Every little nuance of the night, every sound, every color, everything was loud and riotous, more than I had ever dared dream it could be. I expanded, dreadfully giddy, and felt it all, knew all of it, all the wide universe, in all its haphazard, glittering, madly spinning glory. I saw it, and I heard it, and there was no center, nothing static. All of it was deliriously alive, and I wept, I sobbed with joy. Such was my lord's gift, given unto me.
In death, he wore his smile.
I heard a thunderous note, equal parts rage and fear and pain and triumph, and I turned to see my Lovely-beast finish the howl, shuddering. He shrank in upon himself, over the cold, pale corpse of Ugly, until he was himself once more, naked and silver in the moonlight. He was weeping, and his breaths rasped in and out.
I had killed Ugly, I thought to myself. Without lifting a finger. Without touching either of them, body or soul. I was proud of that. My Lovely guard had made it possible, with his caring. He should be rewarded properly.
He stared at me as I went to him. It occurred to me that he, poor dear, could see only with his eyes. I took pity on him, as he knelt on the grass. I lowered myself to my own knees before him, and pressed my lips to his. And then, with joy in my heart, I let him hear the music, let him see the dance, the gift my Lord had given unto me.
He tried to dance. Really, he did. But all his poor, tired body managed was to arch up, and then collapse to the bloody grass, shuddering, all his muscles convulsing at random. His eyes were wide, staring, and he was trying to sing, but it kept coming out a scream.
I kissed him again, the poor darling, and tried to send him more, show him the proper way to step. But, I'm somewhat embarrassed to say, his screams, vibrating upon my lips and tongue, made me so hungry. So I reminded him that he was alive, by rending his flesh as I drank from the salty smoothness of his throat.
I gave the poor dear such agony--perhaps I was should not have been so generous, but I was desperately grateful to him. I even gave him the use of my body that he had so desired, let the pretty legs he had lusted after wrap around him.
He tried to reach for his own madness, the silvery strength of the moon, to help him dance with me, but he was so tired from his fight with Ugly. I'm quite sure that it was not his fault, at all.
He quivered to a finish, at last. I rose, in my scarlet-stained dressed, and as I had promised Lovely and Ugly earlier, I danced through their blood upon the grass, sometimes rolling in it, as if it were dew. The joy of it all resounded within me.
The garou pack returned, and I watched them unseen, walked among them unnoticed (for such was my lord's power, also given to me). They looked over the bodies and turned to growl at one another, divided once more behind the large male, Karl, and the female, Anya. The dance quivered at the edges of their thoughts, urged on by their moon above, but they held back from it, rather than hurling themselves into it.

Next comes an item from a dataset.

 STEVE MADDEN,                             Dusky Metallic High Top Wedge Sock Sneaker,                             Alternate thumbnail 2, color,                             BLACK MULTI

So, taking pity on them, for they had suffered in a most satisfying way for my lord, I gave the dance to them as well. I let them all hear the secret music.
They responded. They danced. They reminded one another that they were alive with the most vibrant, glowing pain I had yet experienced, and I was there with them, the entire while.

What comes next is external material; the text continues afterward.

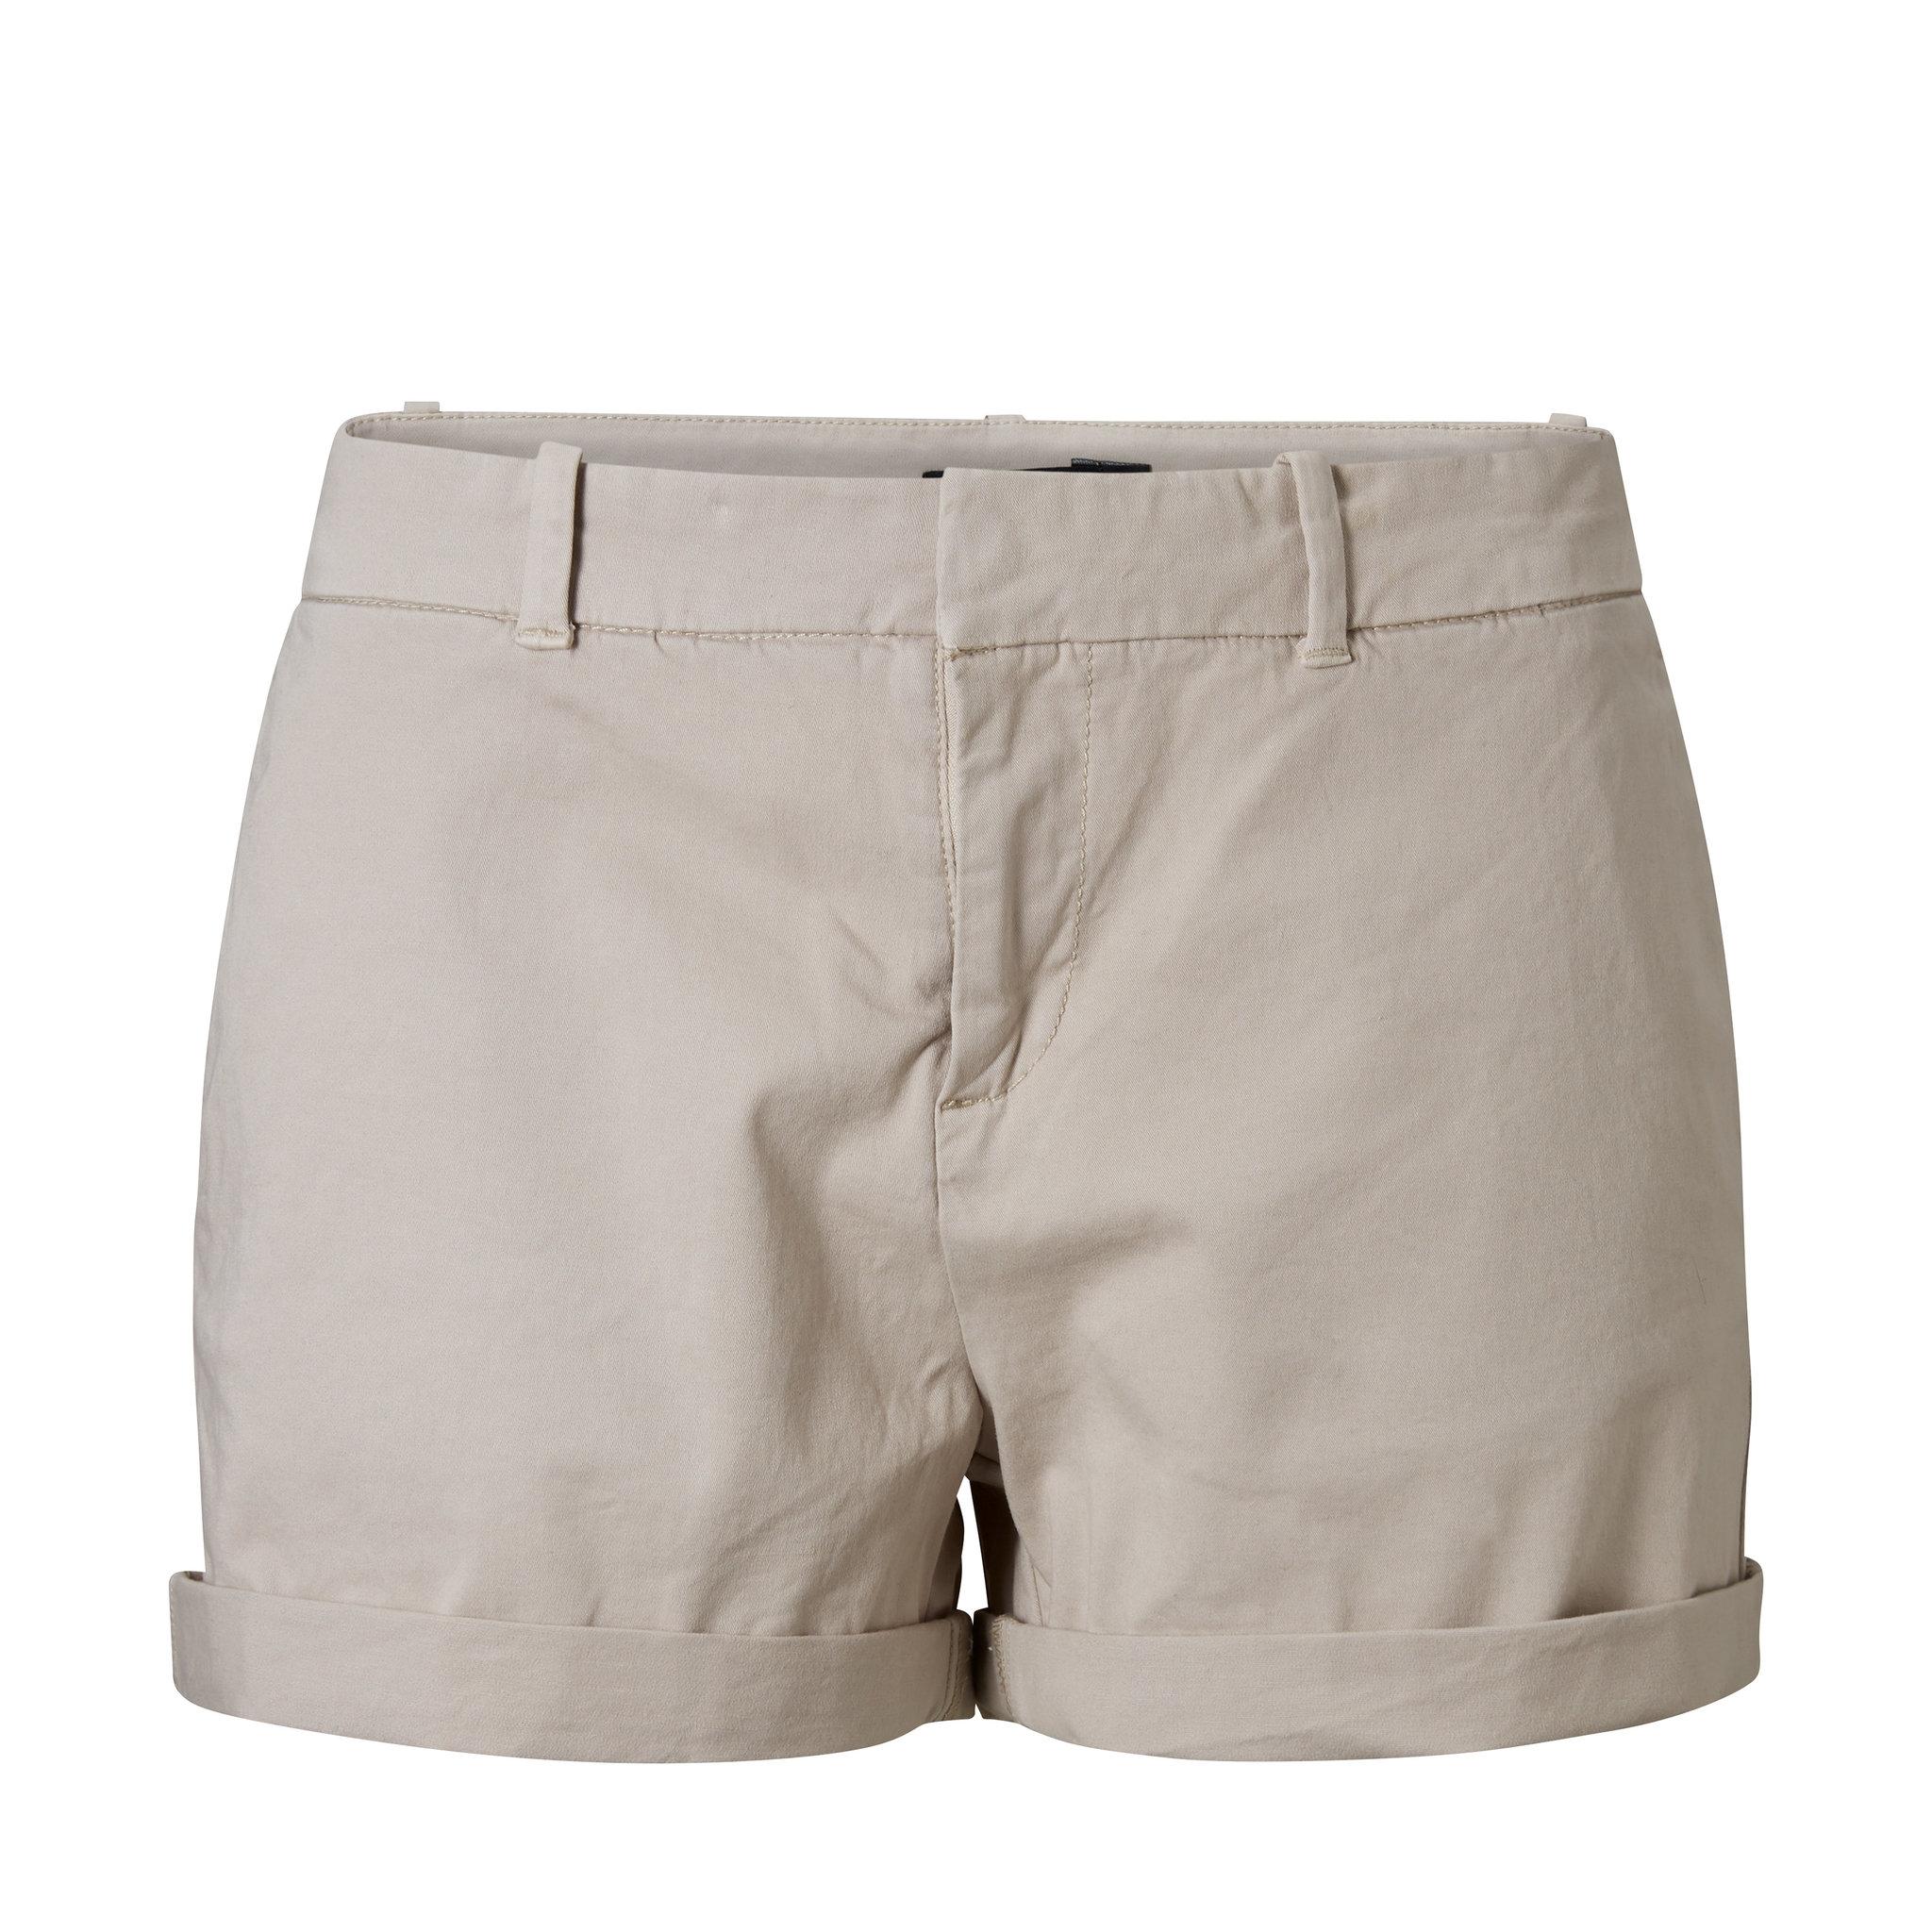 Shorts - Shorts - Köp online på åhlens.se! 0471a884c0d5f

When it was over, only the female, Anya, remained alive, and she, poor thing, was very alive. Her other eye had been taken. He body was spread out upon the grass, much as my lord's had been.
I went to her, and I kissed her sightless eyes, and filled her ears with music. I drank her fiery sweetness up into me, and delighted in her sobs as she faded away. I left that place, for my homeland, fair France. My lord's power sang to me, and the riotous world surrounded me.

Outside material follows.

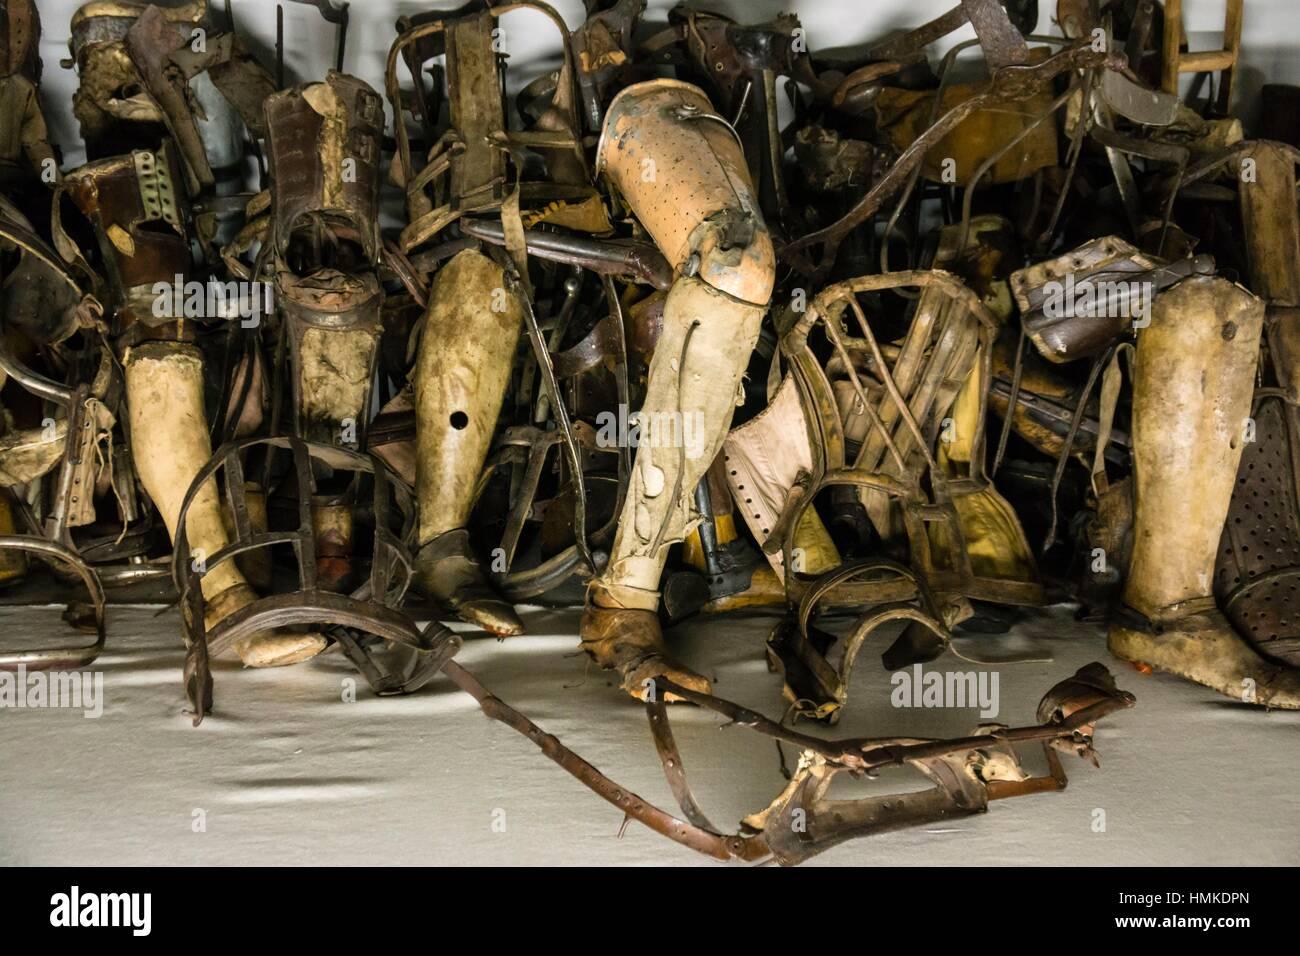 protesis de los. deportados. campo de concentracion de auschwitz i

Others of my kind must learn to hear this music, to dance this dance. They had to know what is was to be this free.
And I would remember what my lord had learned. Pain was life. To feel pain was to be alive, for the dead felt nothing. I would never, never forget what is was to live.
Remember me, in your place of damnation, my beautiful lord. Remember your Justine. I will ever remember you.